Set down the full listing below word for word; pictures stay out of the copy.

## Data extract
"""
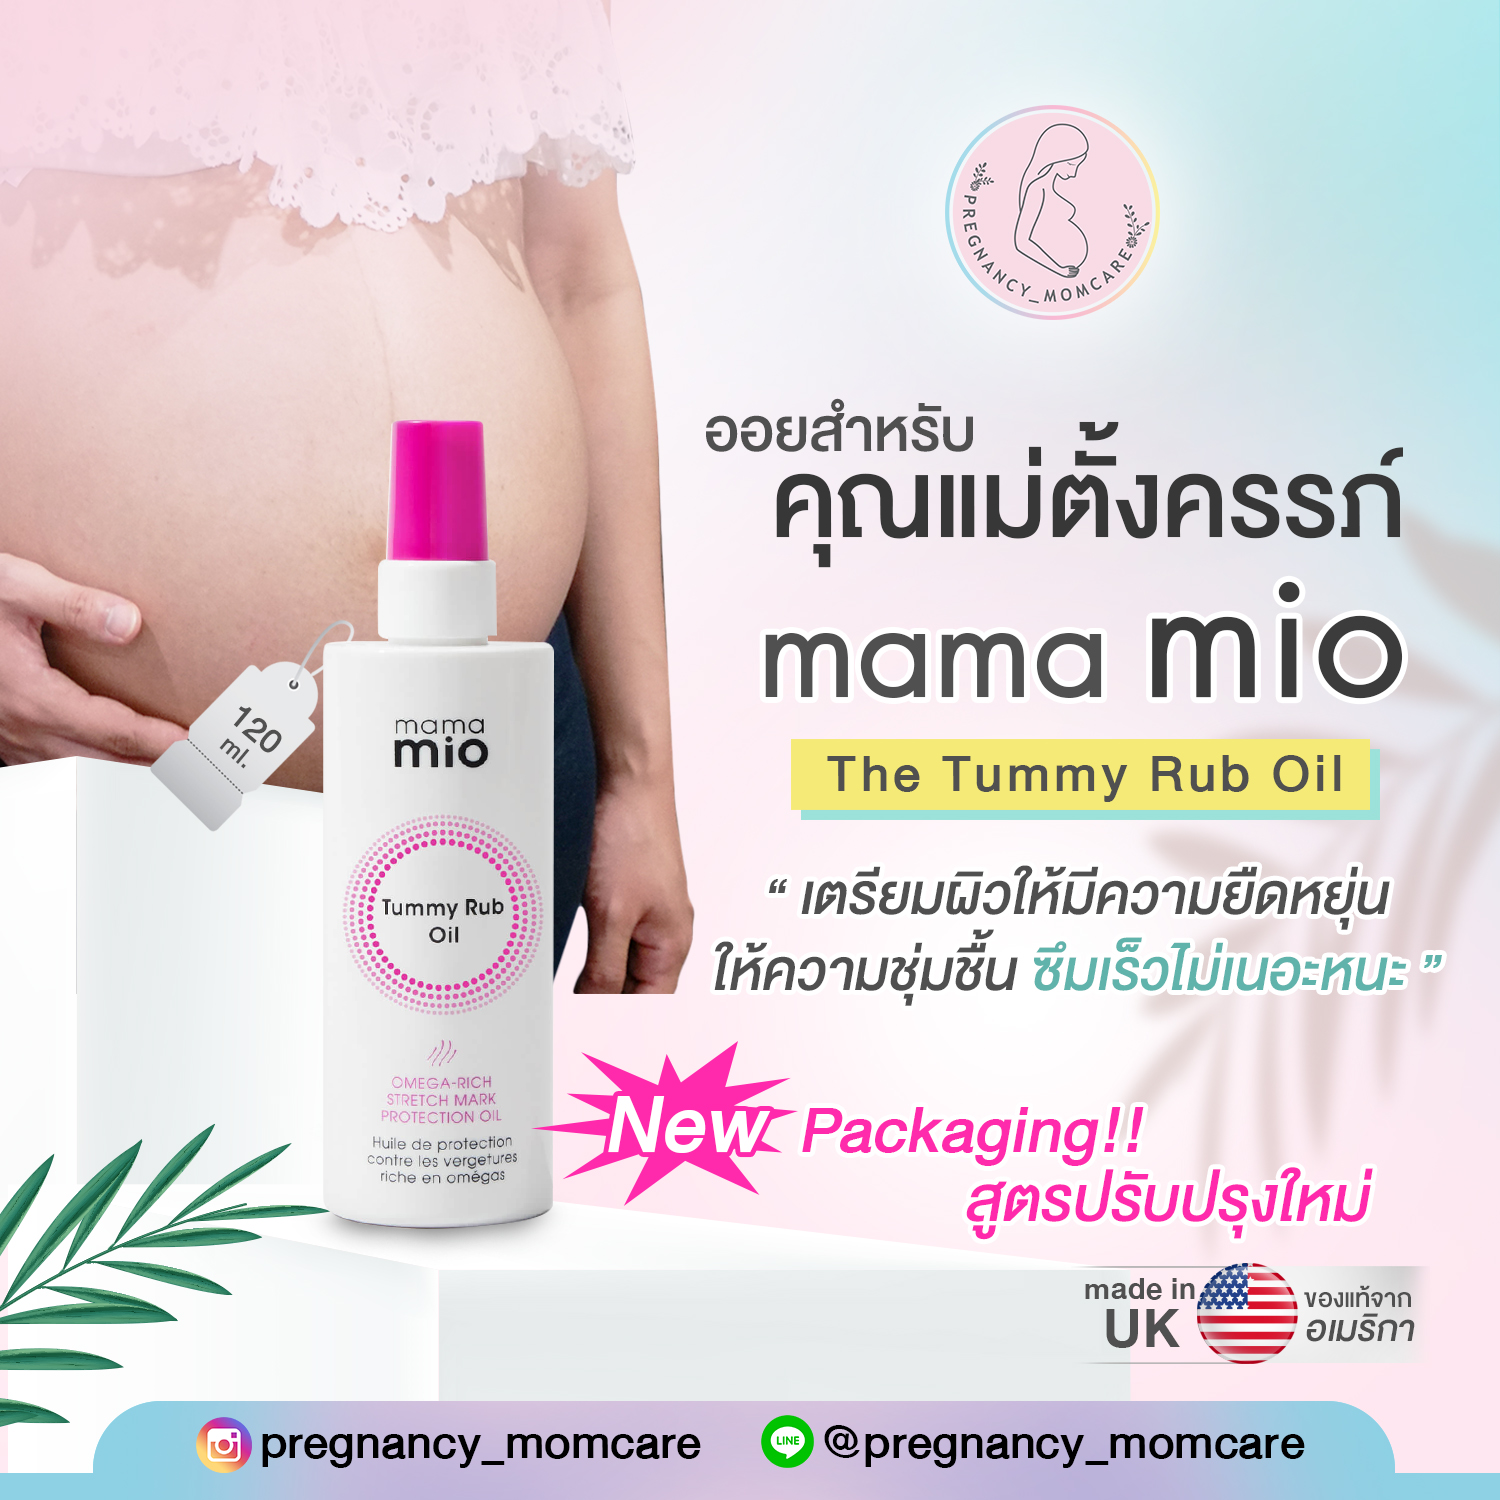 รีวิว Mama mio the tummy rub oil สูตรใหม่ ออยสำหรับคุณแม่ตั้งครรภ์
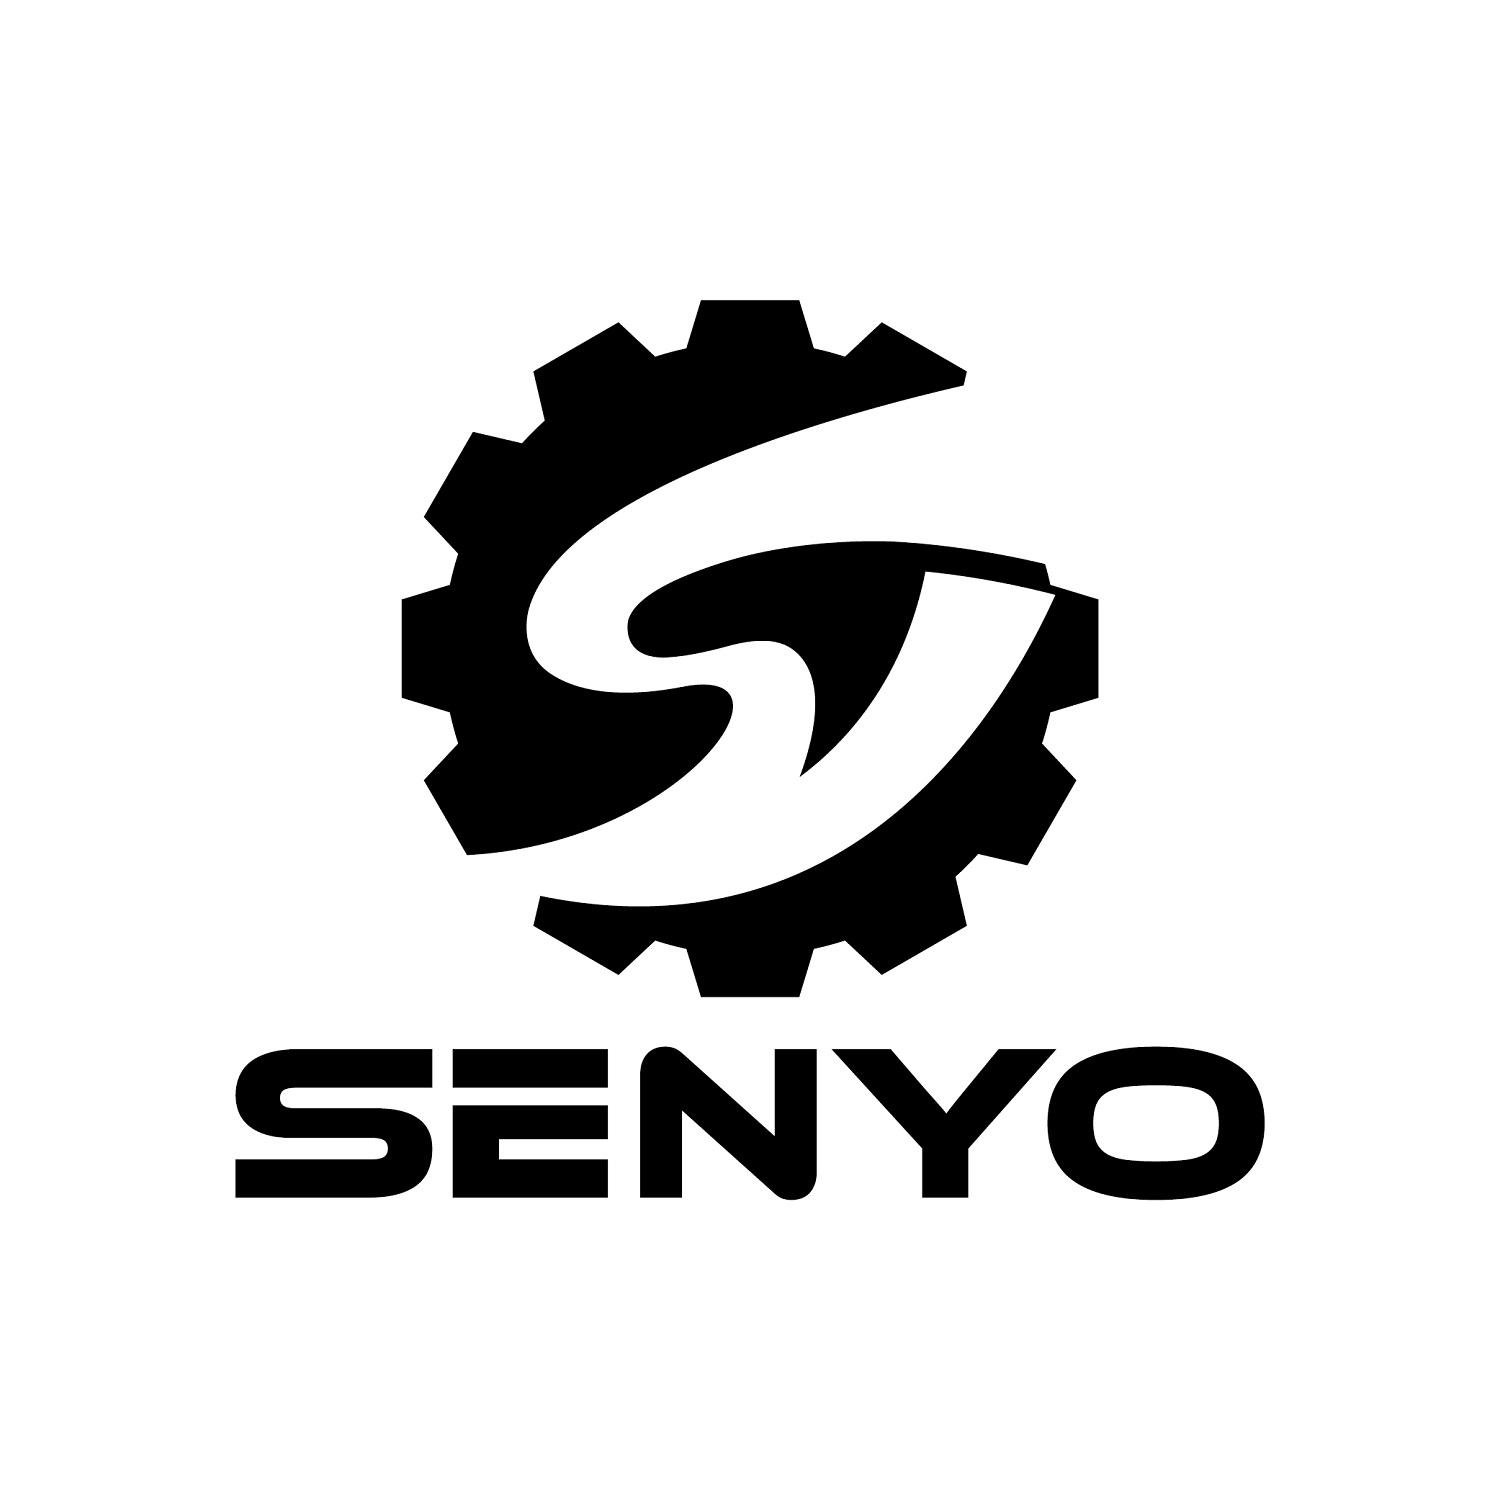 商标文字senyo商标注册号 56555173,商标申请人河南盛优机械有限公司
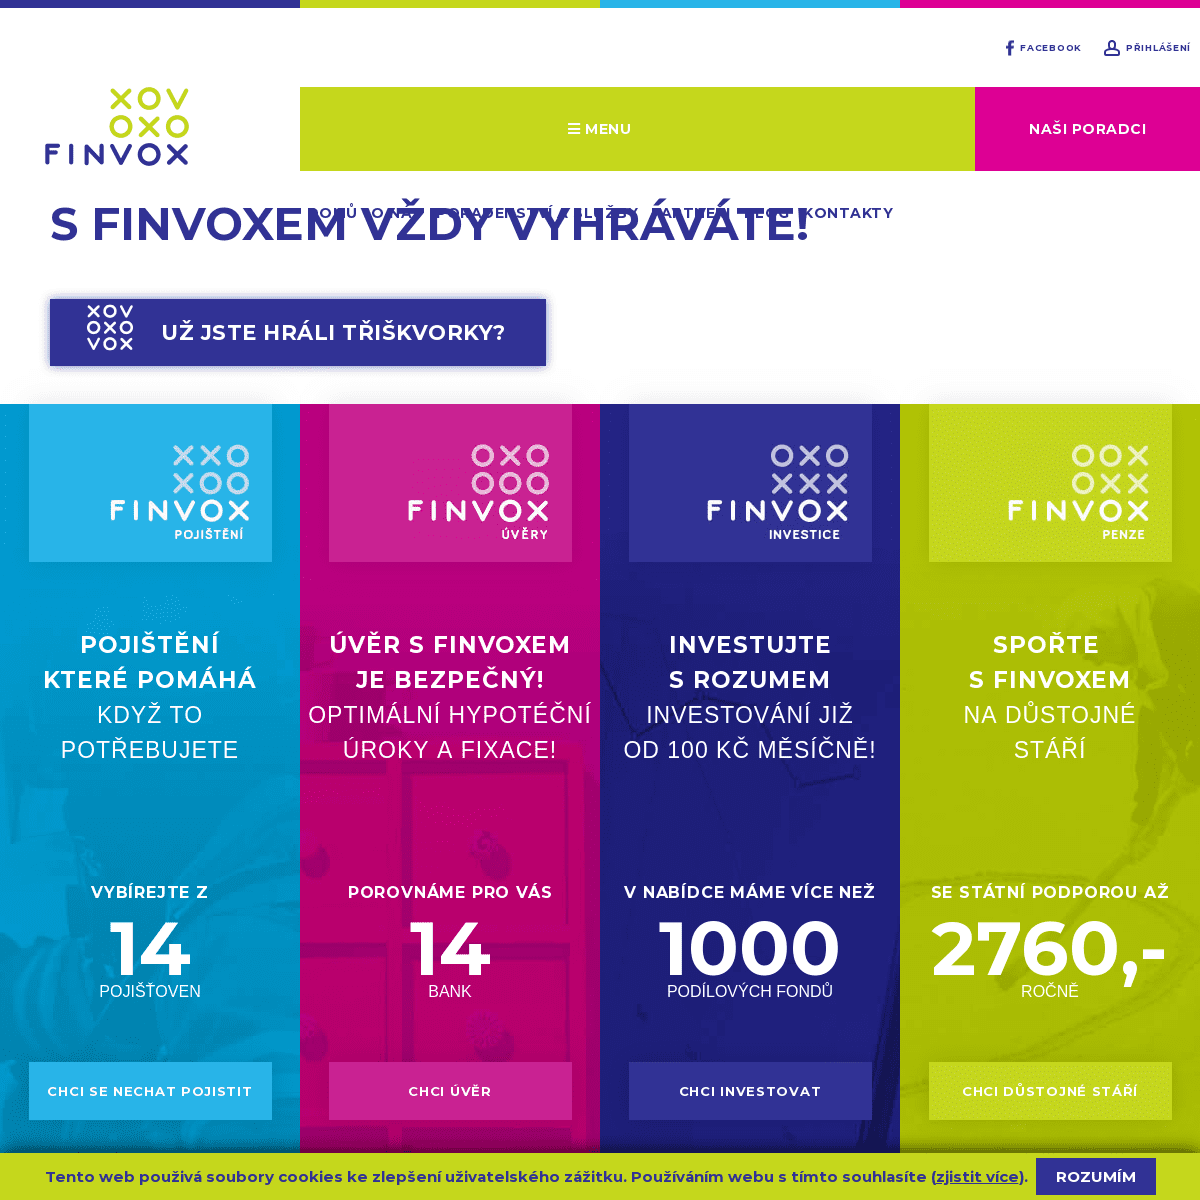 FINVOX Finanční služby s.r.o. | FINVOX
"""
## Response to the task
 รีวิว Mama mio the tummy rub oil สูตรใหม่ ออยสำหรับคุณแม่ตั้งครรภ์
 商标文字senyo商标注册号 56555173,商标申请人河南盛优机械有限公司
 FINVOX Finanční služby s.r.o. | FINVOX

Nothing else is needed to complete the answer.